INFORMATION PROVIDED:
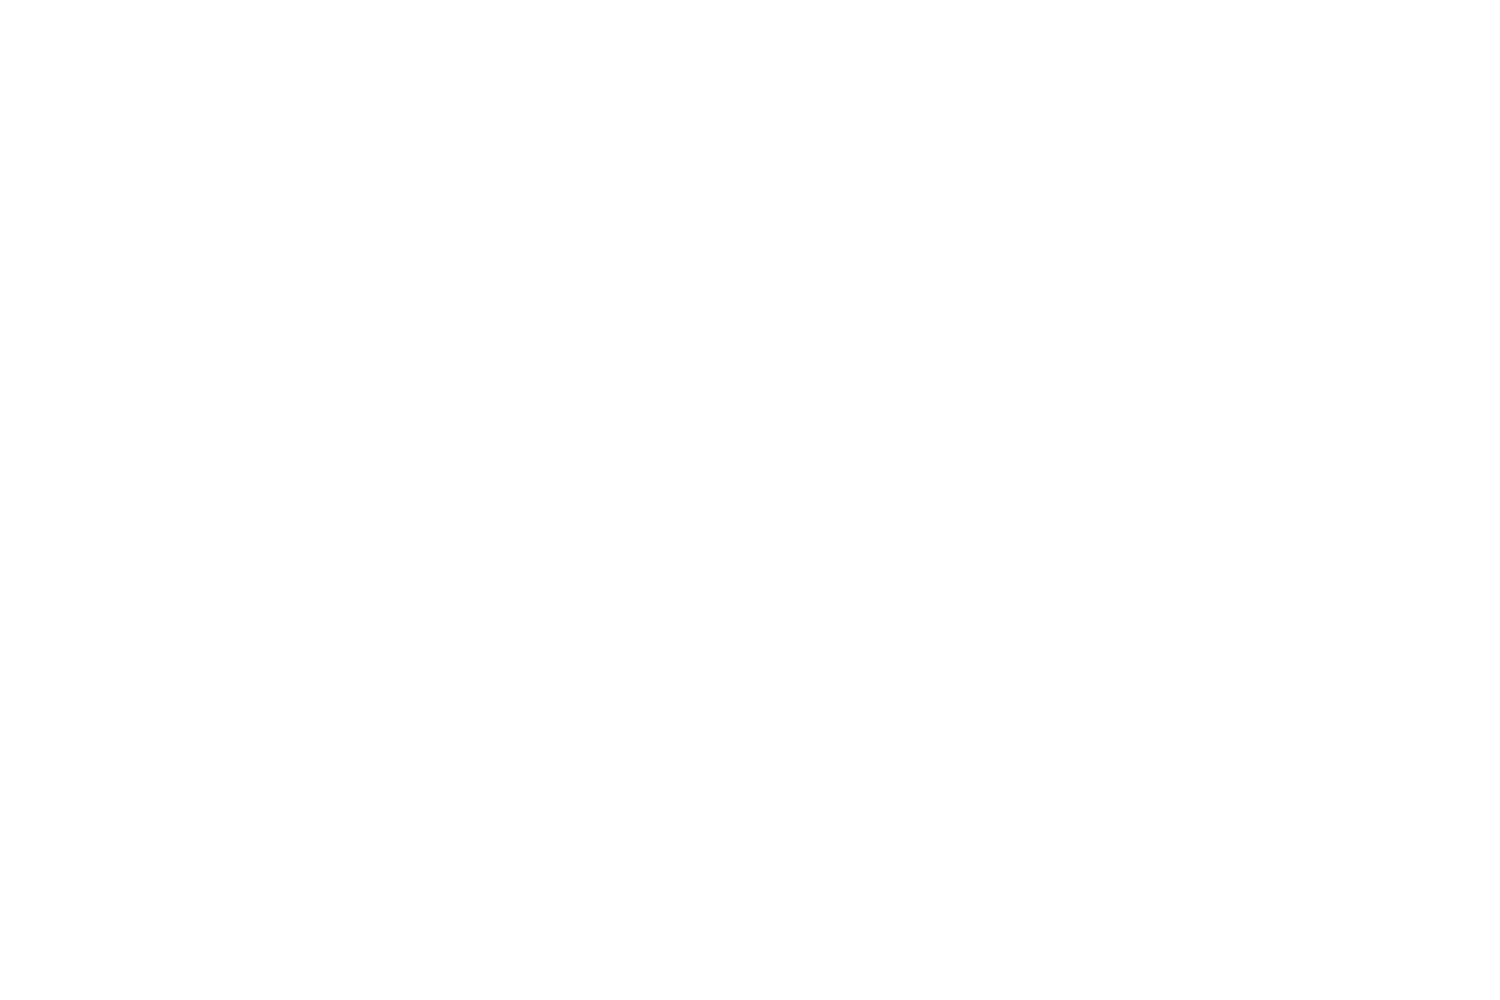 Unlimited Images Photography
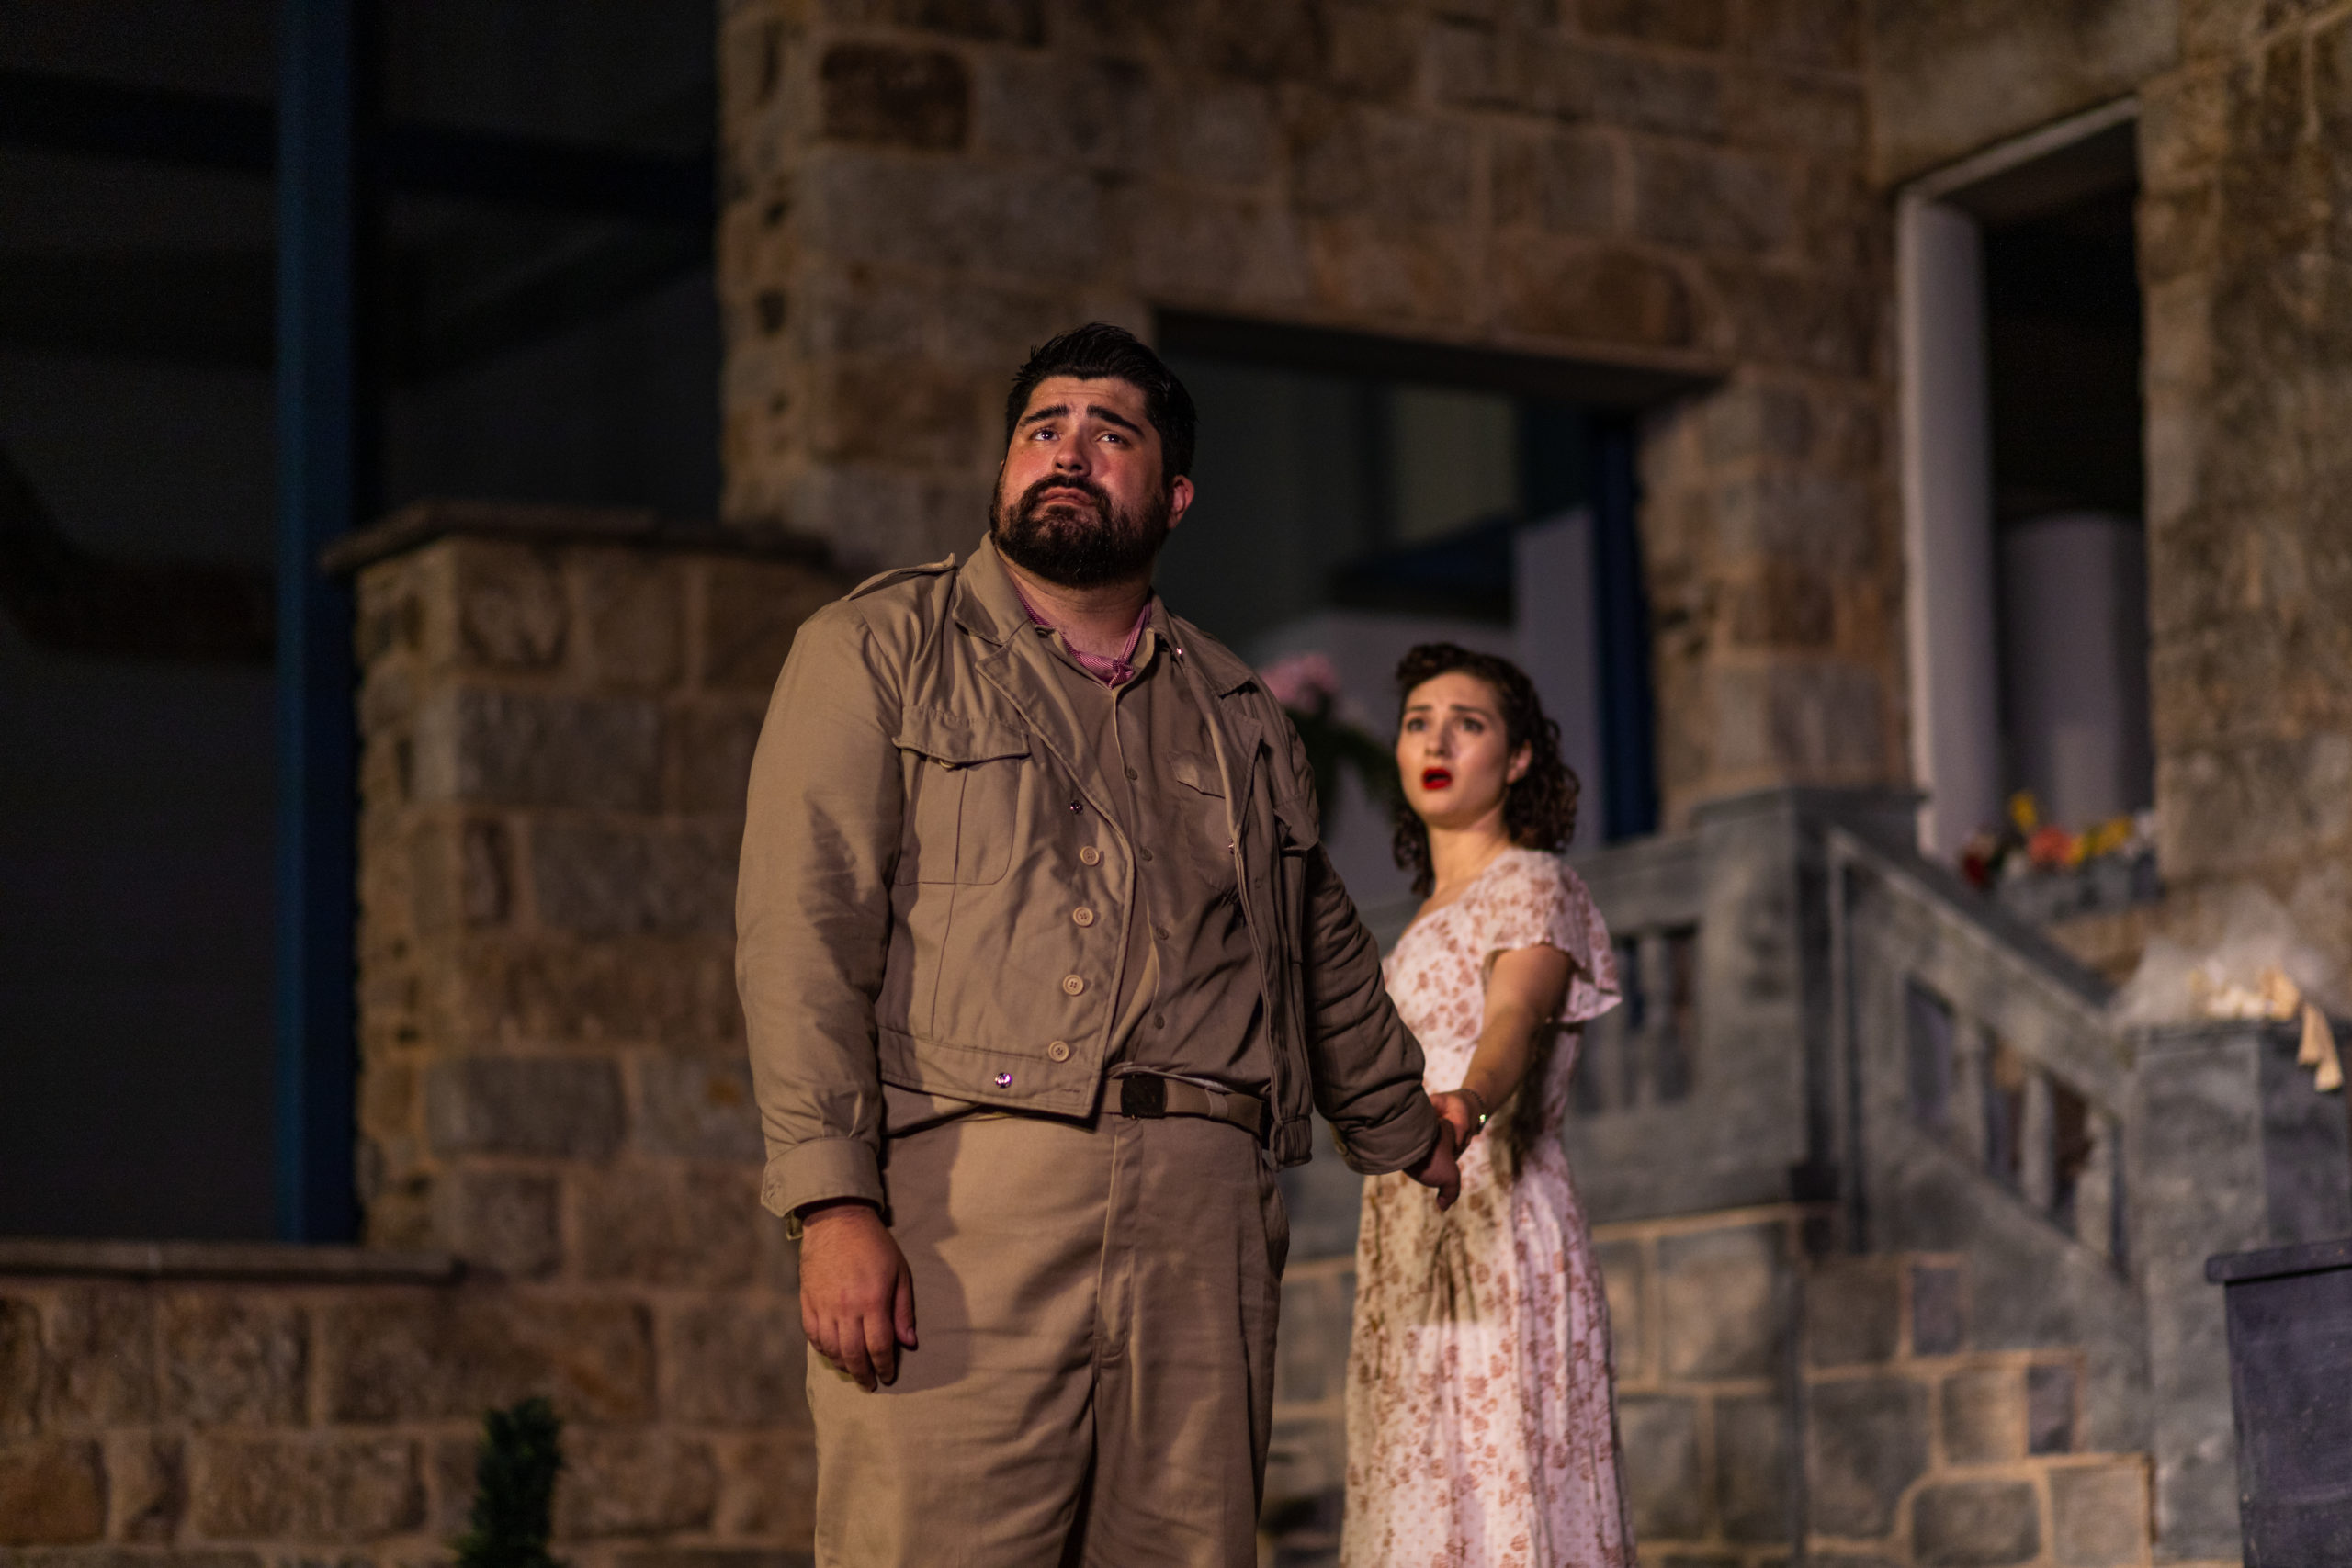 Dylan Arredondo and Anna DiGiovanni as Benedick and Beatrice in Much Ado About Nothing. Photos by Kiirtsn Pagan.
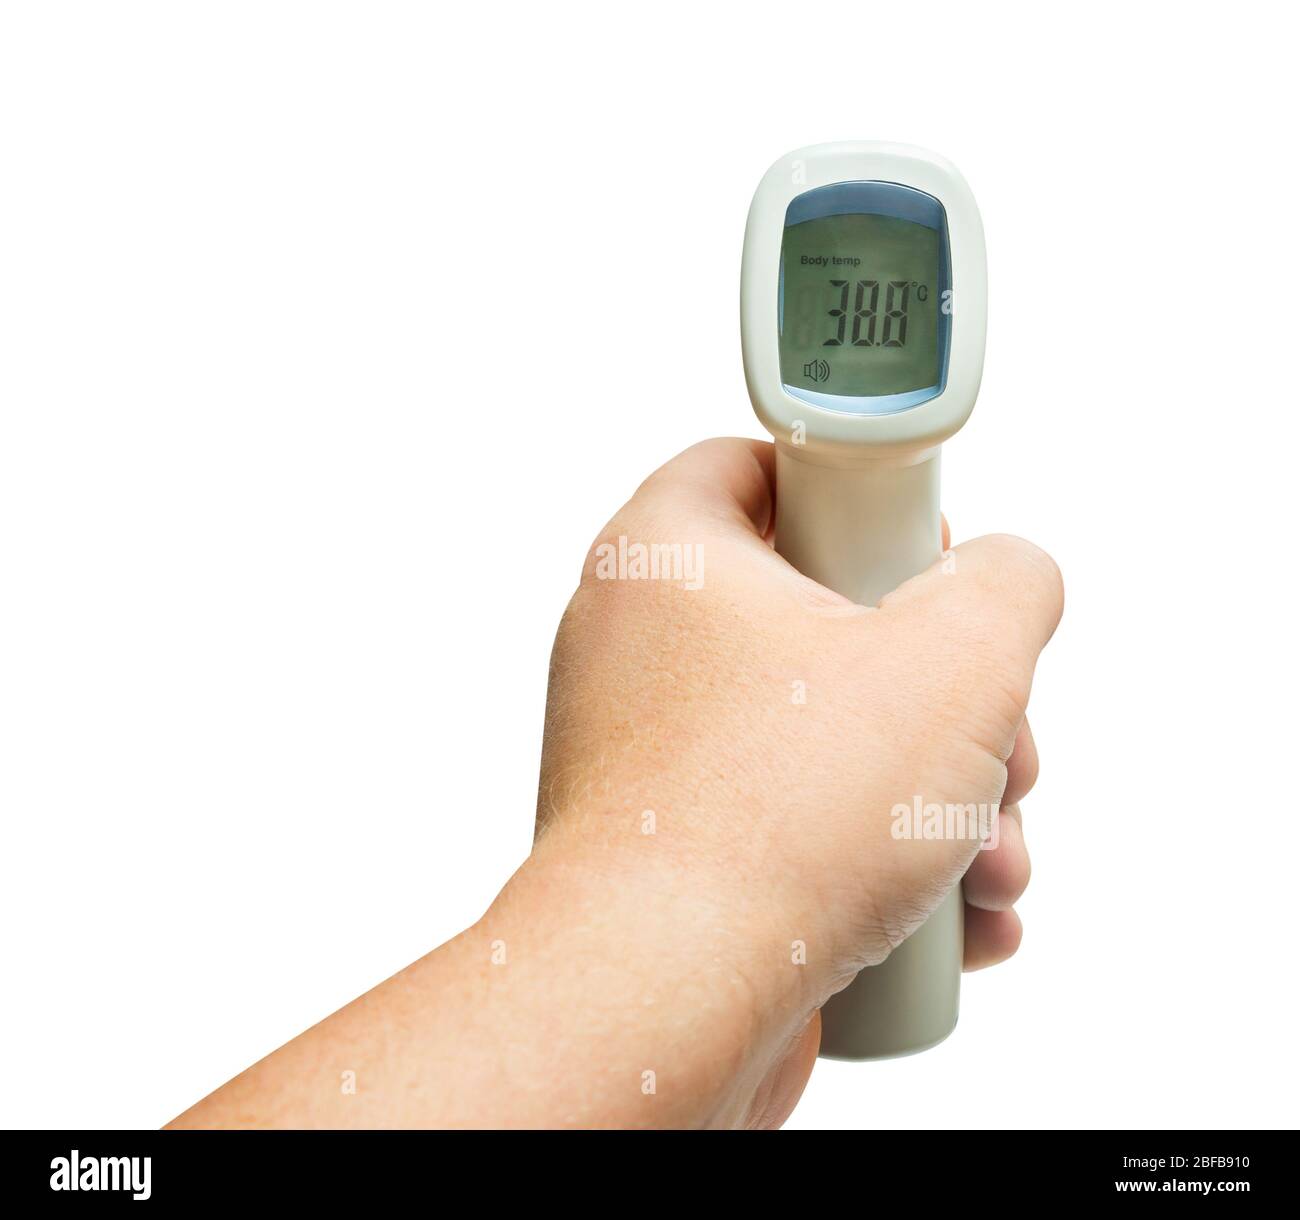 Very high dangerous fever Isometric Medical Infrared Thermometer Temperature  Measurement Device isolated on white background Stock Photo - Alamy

THE TASK:
Extract, word for word, each line from the one that contains "Dylan Arredondo and" through the final line of the data above. Leave the pictures out.

RESULT:
 Dylan Arredondo and Anna DiGiovanni as Benedick and Beatrice in Much Ado About Nothing. Photos by Kiirtsn Pagan.
 Very high dangerous fever Isometric Medical Infrared Thermometer Temperature  Measurement Device isolated on white background Stock Photo - Alamy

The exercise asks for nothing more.